The biggest faller was the usually safe haven of Luxembourg, which is facing an unsustainable pensions and social security bill for its aging population. Germany’s political instability after long-time Chancellor Angela Merkel announced she would quit also cost it ranking points. As Luxembourg’s 0.2 drop was higher than Germany’s 0.11, the two nations swapped places to 12th and 13th, respectively. Norway also fell, dropping to 0.09 points to finish fifth.

“In all three cases, the setback is entirely due to a poorer performance in some governance areas and political risk (in Germany), as well as higher net present value estimates for pension and healthcare spending, which is undermining the sustainability of the respective social security systems,” Schieler says.

Source: RobecoSAM

The UK and US were able to maintain their ESG scores, despite contentious issues relating to Brexit and an erratic President Trump. “Both show a deterioration in social unrest, political risk and political stability indicators, reflecting greater uncertainty, more pronounced risks, increased polarization and a widening social divide,” Schieler says.

More generally, the standards of governance have dropped around the world. “A pronounced deterioration in aging scores (South Korea and Poland) characterizes losing countries, while increased corruption (Malaysia and Russia), the weakened rule of law (Malaysia and Poland) and declines in regulatory quality (Turkey) contributed to deterioration in worldwide governance indicators,” Schieler says.

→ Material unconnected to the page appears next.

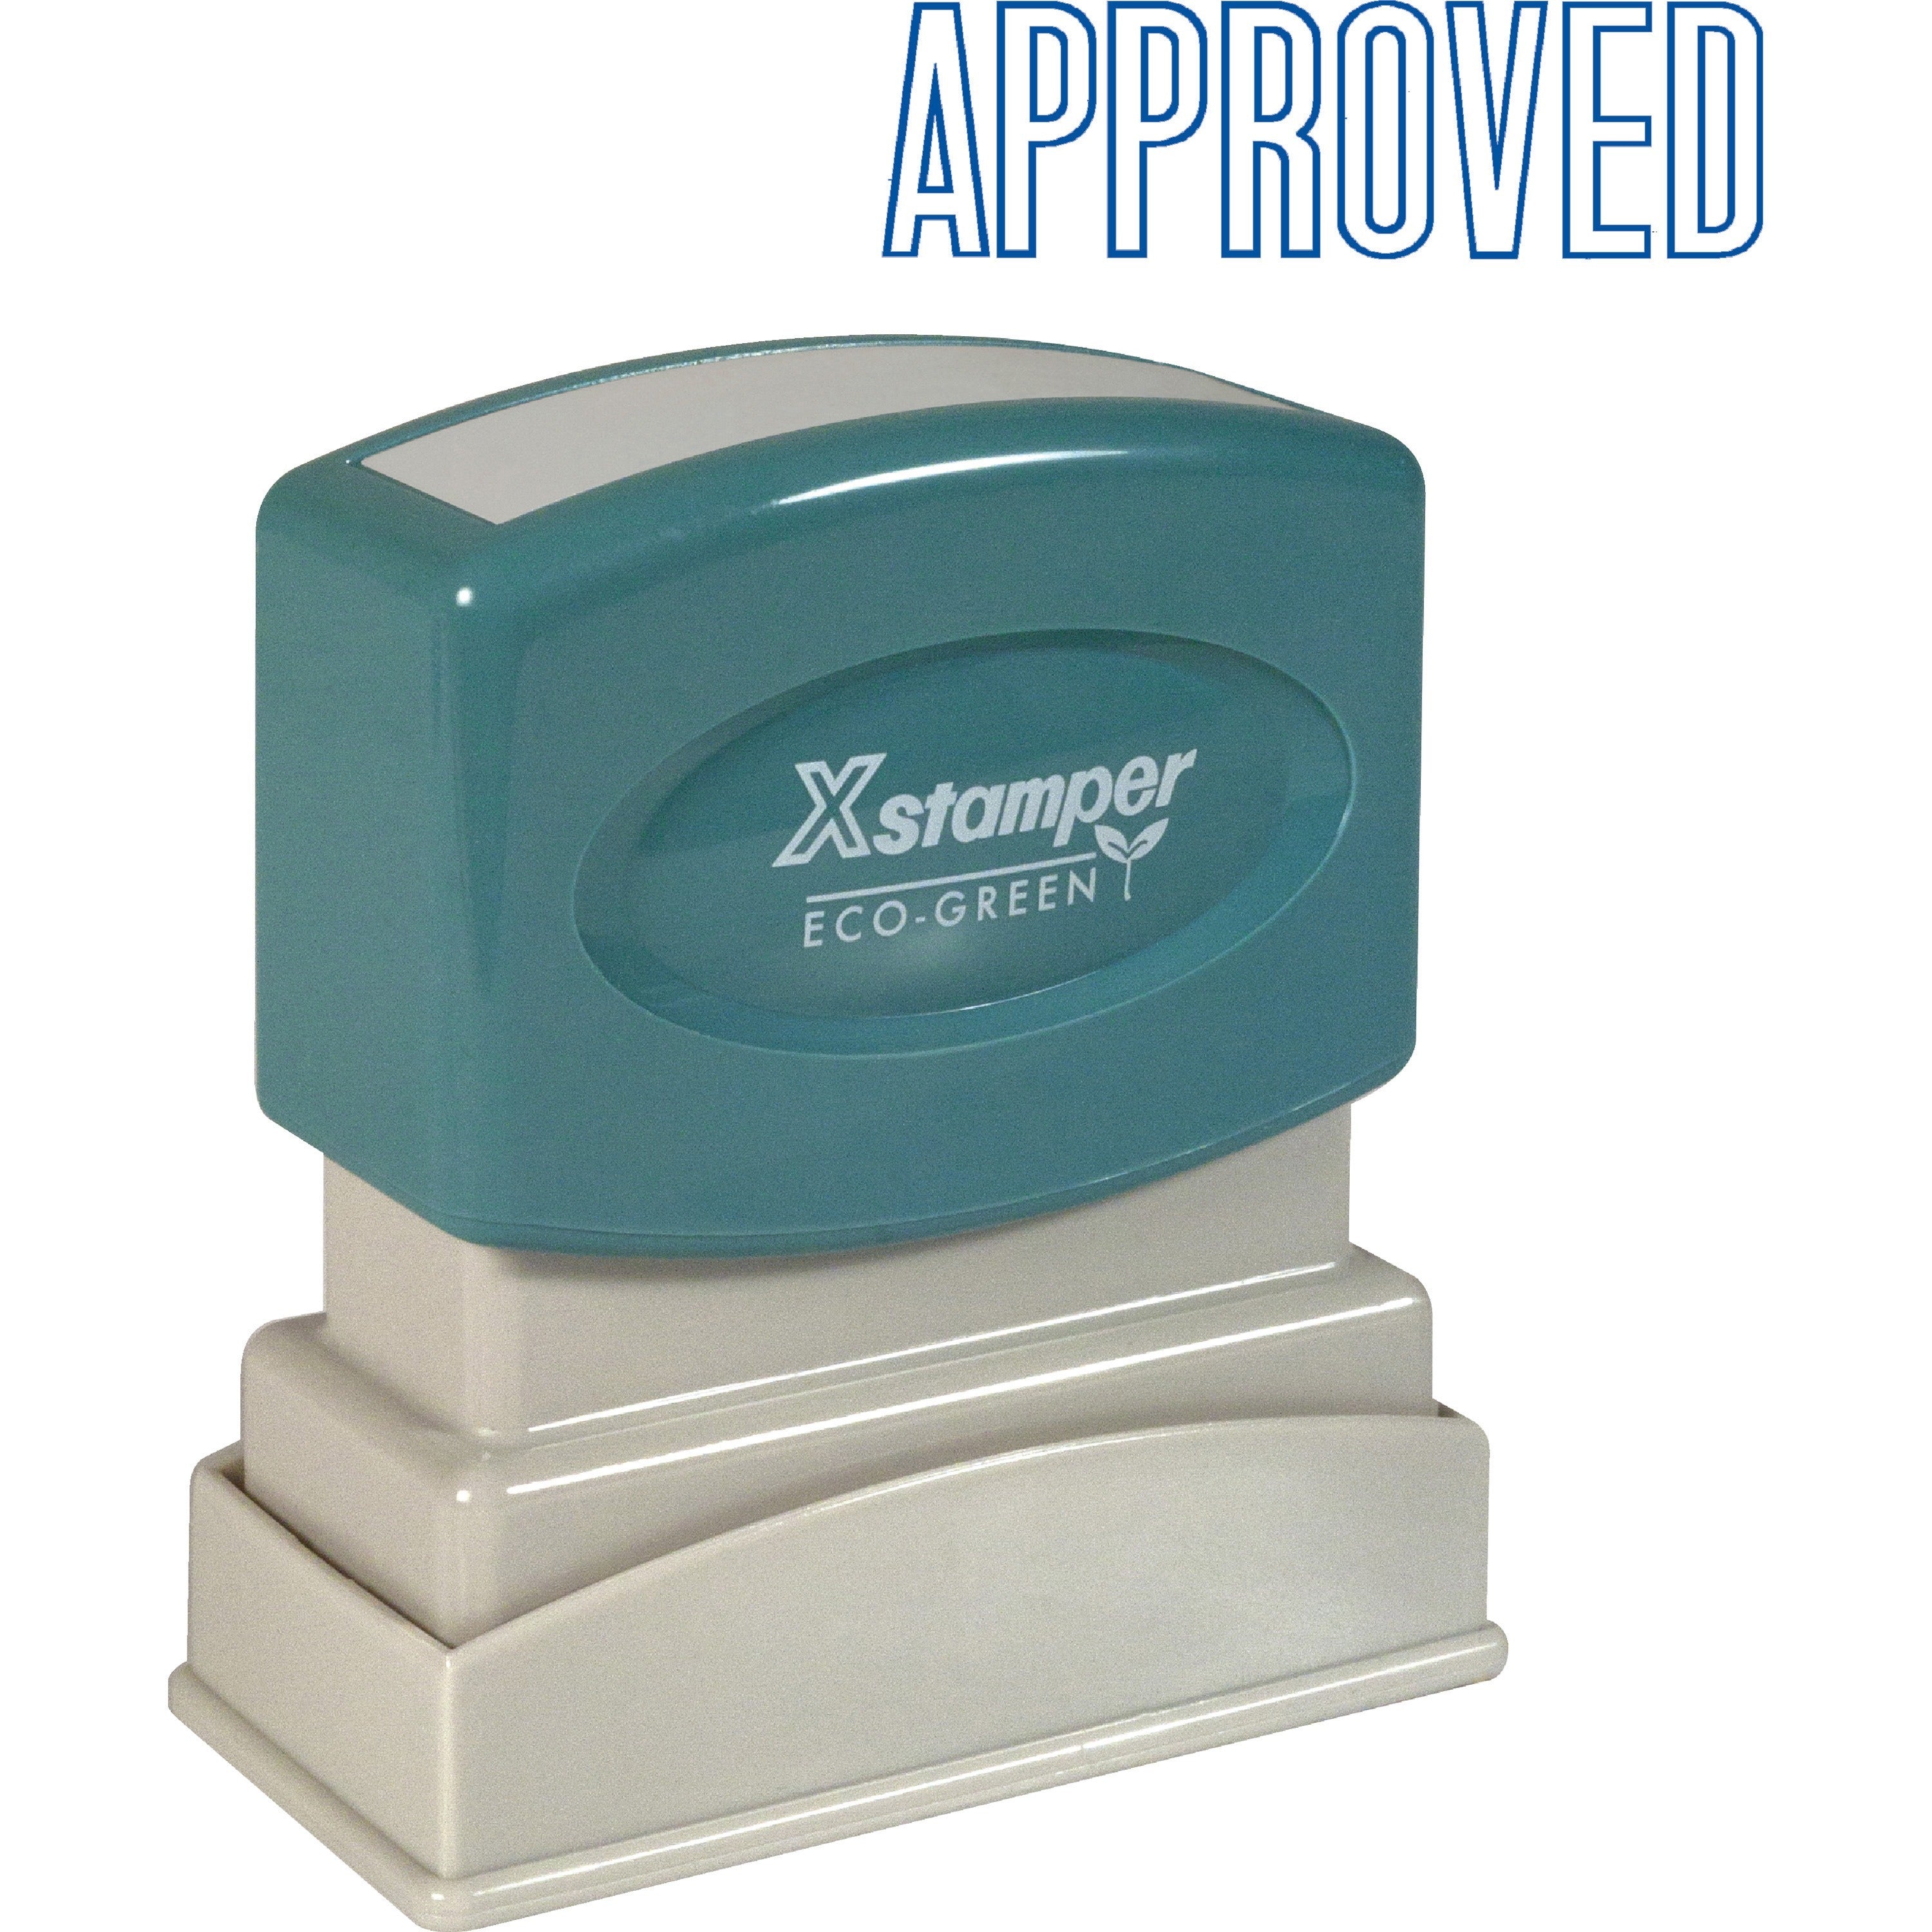 Xstamper APPROVED Title Stamp - Message Stamp - "APPROVED" - 0.50" Impression Width x 1.63" Impression Length - 100000 Impression(s) - Blue - Recycled - 1 Each -

RobecoSAM uses a range of ESG metrics to establish how sustainable a country is on a long-term basis. It collects data from 65 countries – 22 developed and 43 emerging – twice a year. The resulting scores offer insights into the investment risks and opportunities associated with each country, and provide investors with a better frame of reference for making comparisons between countries and regions from a risk-return perspective.